[RFC][PATCH 0/7] some page_referenced() improvement

KOSAKI Motohiro

unread,

Dec 4, 2009, 3:50:02 AM12/4/09

to

Hi

here is my refactoring and improvement patchset of page_referenced().
I think it solve Larry's AIM7 scalability issue.

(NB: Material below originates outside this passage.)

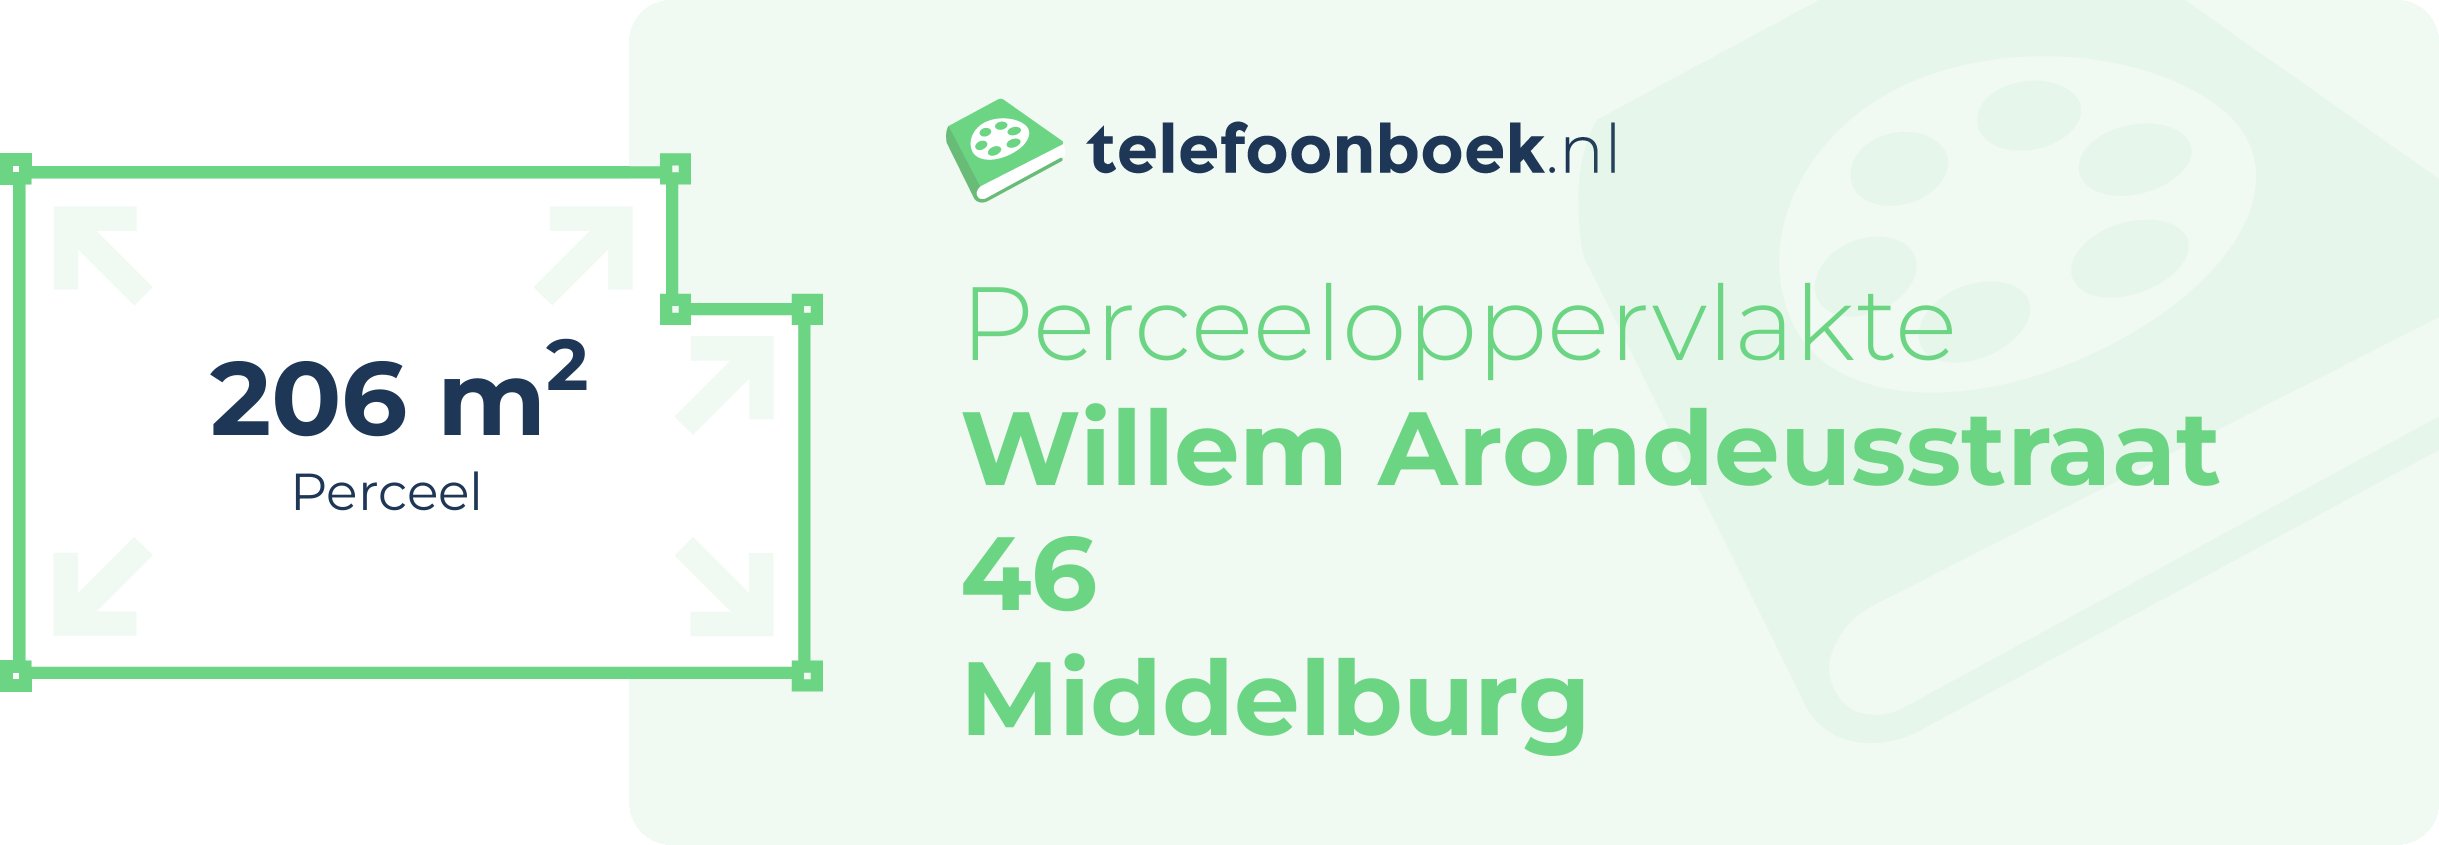 Perceeloppervlakte Willem Arondeusstraat 46 Middelburg

I'll test this patches on stress workload at this weekend. but I hope to
receive guys review concurrently.

--
To unsubscribe from this list: send the line "unsubscribe linux-kernel" in
the body of a message to majo...@vger.kernel.org
More majordomo info at http://vger.kernel.org/majordomo-info.html
Please read the FAQ at http://www.tux.org/lkml/

KOSAKI Motohiro

unread,

Dec 4, 2009, 3:50:03 AM12/4/09

to

From 381108e1ff6309f45f45a67acf2a1dd66e41df4f Mon Sep 17 00:00:00 2001
From: KOSAKI Motohiro <kosaki....@jp.fujitsu.com>
Date: Thu, 3 Dec 2009 15:01:42 +0900
Subject: [PATCH 2/7] Introduce __page_check_address

page_check_address() need to take ptelock. but it might be contended.
Then we need trylock version and this patch introduce new helper function.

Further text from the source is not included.